American journalist (1914–1998)

Melvin L. Barnet (November 5, 1914 - June 17, 1998) was a copy editor for The New York Times from 1953 to 1955. He was known for being immediately fired when he invoked the Fifth Amendment to the United States Constitution at a Senate subcommittee hearing in 1955.

== The hearing ==
Barnet, a Harvard-educated journalist, had worked his way to The New York Times when he was implicated, in the testimony of Winston Burdett before the Senate Internal Security Subcommittee, as a Communist.

Barnet was called before the subcommittee on July 13, 1955. The Senators at the hearing were concerned with Barnet's and his associates political activity during the 1930s. Barnet told the subcommittee he had abandoned Communism in 1942. The subcommittee then moved on to question him about other people he may or may not have known "as a Communist."

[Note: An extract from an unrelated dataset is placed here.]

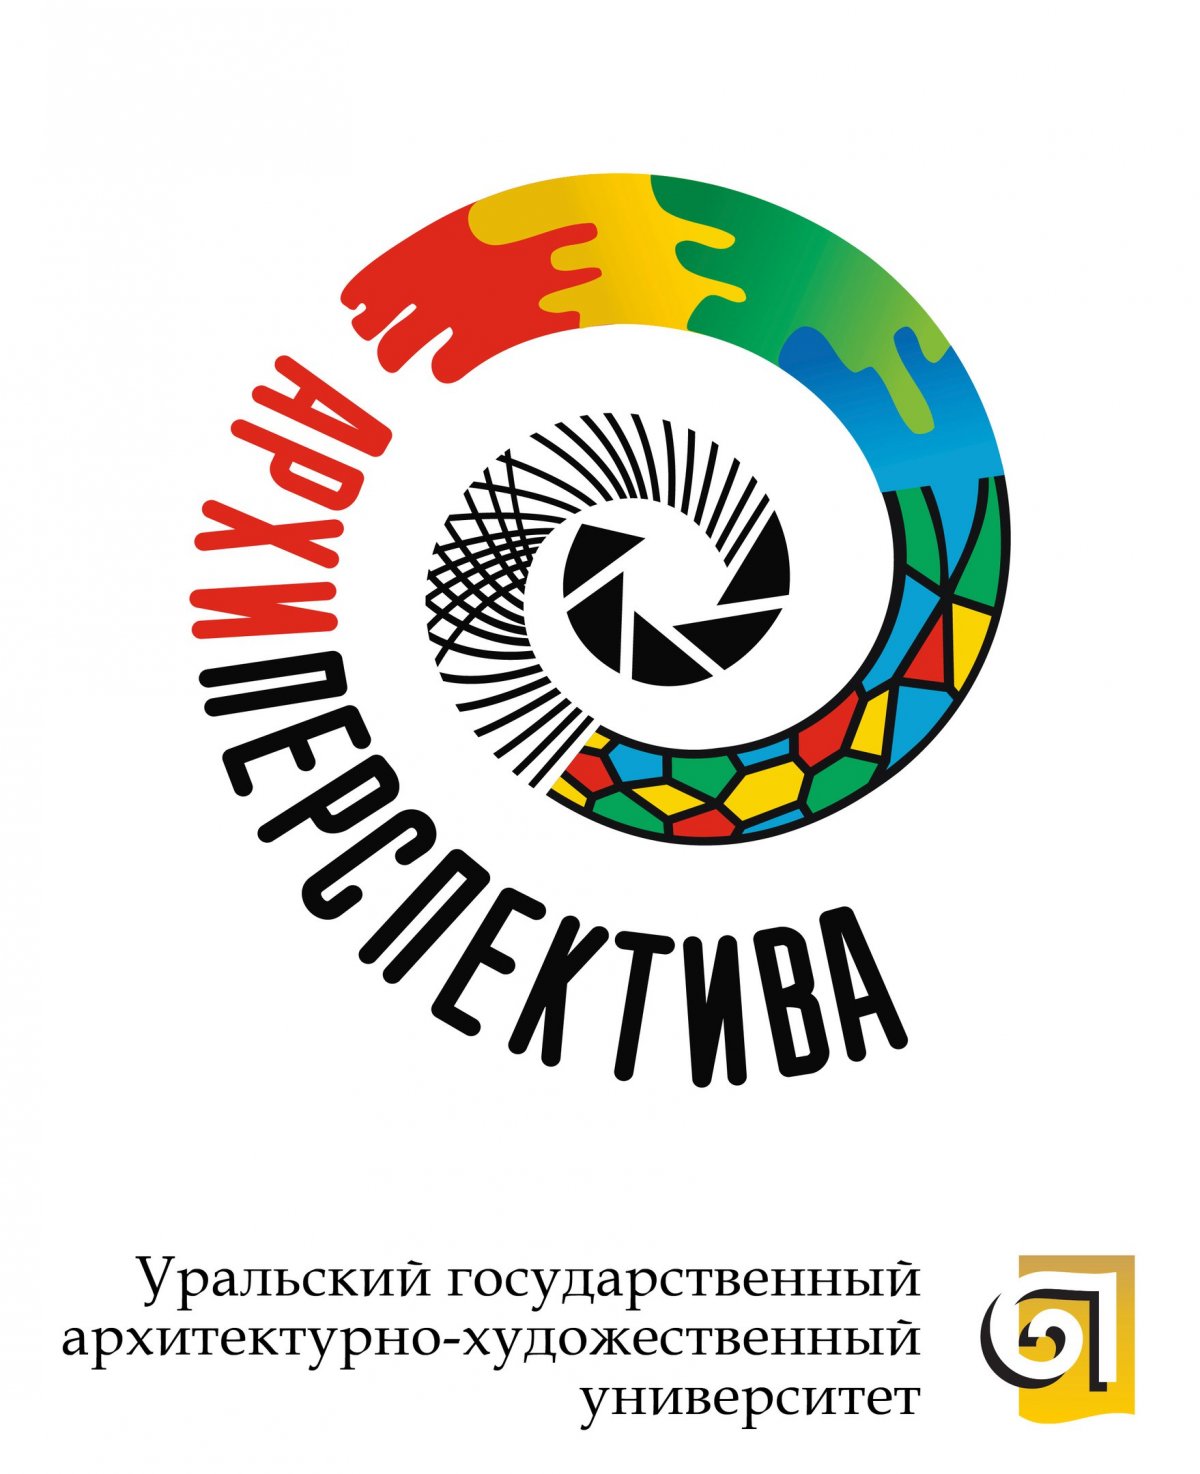 Приглашаем студентов принять участие в конкурсе "Архиперспектива-2019" (информация - в приложении).

The committee's attorney presented the names of twenty other people and each time Barnet responded to the question with the same sentence, "I assert my privilege, sir, under the 5th Amendment." When Burdett's name was presented Barnet still refused to identify even his accuser "as a Communist."

After the hearing ended Barnet returned to the Times Washington Bureau where he was handed a note that read, in part, that his conduct "has caused the Times to lose confidence in you as a member of its news staff."

Barnet's career in journalism ended the day of the hearing, he was 40 years old.